Lee Jae-yong, âgé de 48 ans, a été nommé directeur de Samsung Electronics en octobre dernier et dirige le conglomérat depuis l'hospitalisation de son père en 2014, le président Lee Kun-hee. Et la succession n'est pas sans douleur. La justice sud-coréenne a en effet décidé de placer le patron du géant en détention dans le cadre d'une affaire de corruption impliquant le sommet de l'Etat. Un mois plus tôt, le même tribunal avait rejeté la demande d'incarcération du procureur. Mais le bureau de ce dernier a depuis entendu une nouvelle fois Lee Jae-yong pendant de longues heures. D'après Bloomberg, le patron du constructeur attendait ce jugement au centre de détention de Séoul. Il y reste donc. Et potentiellement pendant encore plusieurs mois.
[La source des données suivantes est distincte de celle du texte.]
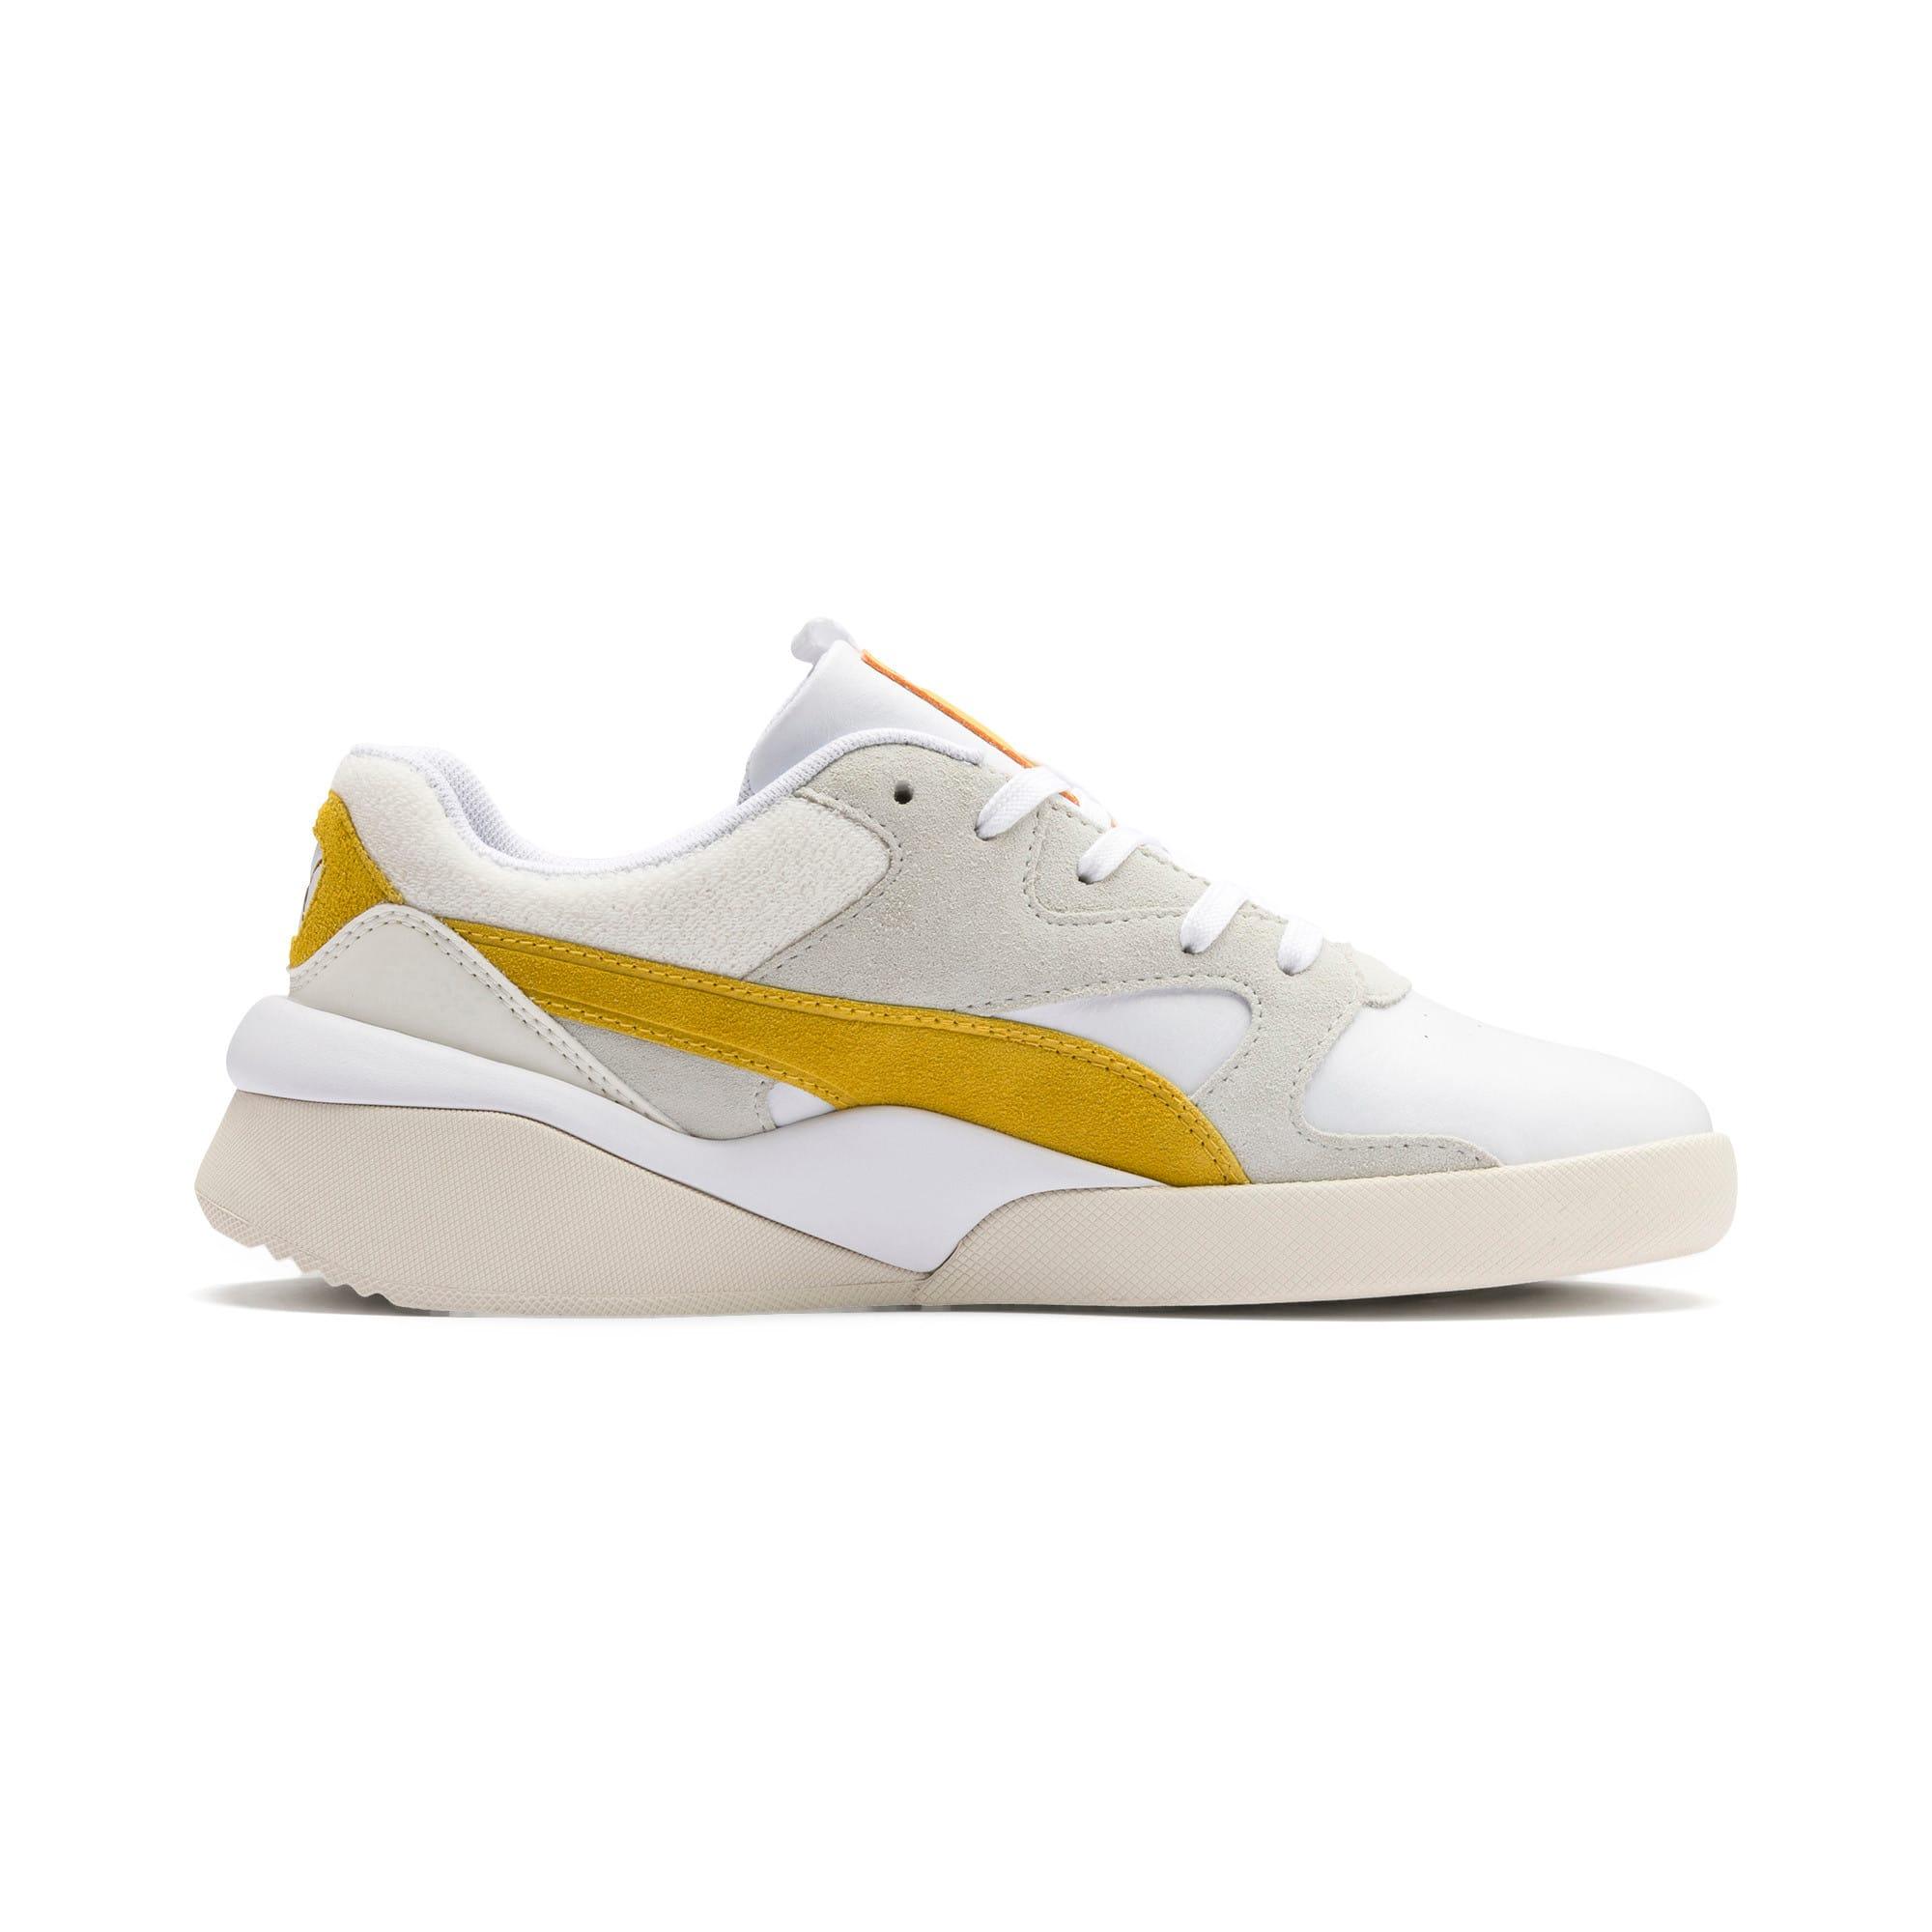 Thumbnail 6 of Aeon Heritage Women's Sneakers, Puma White-Sulphur, medium

Le site rappelle qu'un procès ou un verdict pourrait ne pas intervenir avant 18 mois. "Il y a une chance que le suspect puisse détruire des preuves ou fuir, donc l'arrêter est approprié" explique un porte-parole du tribunal pour justifier ce verdict. "Nous ferons de notre mieux pour que la vérité soit révélée dans les procédures judiciaires futures" réagit quant à lui Samsung par le biais d'un communiqué officiel. Le groupe est accusé d'avoir accordé un pot-de-vin à un proche du président coréen dans le but d'obtenir un arbitrage favorable à une opération de fusion de l'entreprise. Un porte-parole du procureur spécial a déclaré à Bloomberg qu'avaient été obtenues des preuves que Lee dissimulait des profits et des biens à l'étranger, fruits d'actes criminels. Dans l'attente d'un jugement, Lee Jae-yong est remplacé à la tête de Samsung par un de ses lieutenants, Choi Gee-sung.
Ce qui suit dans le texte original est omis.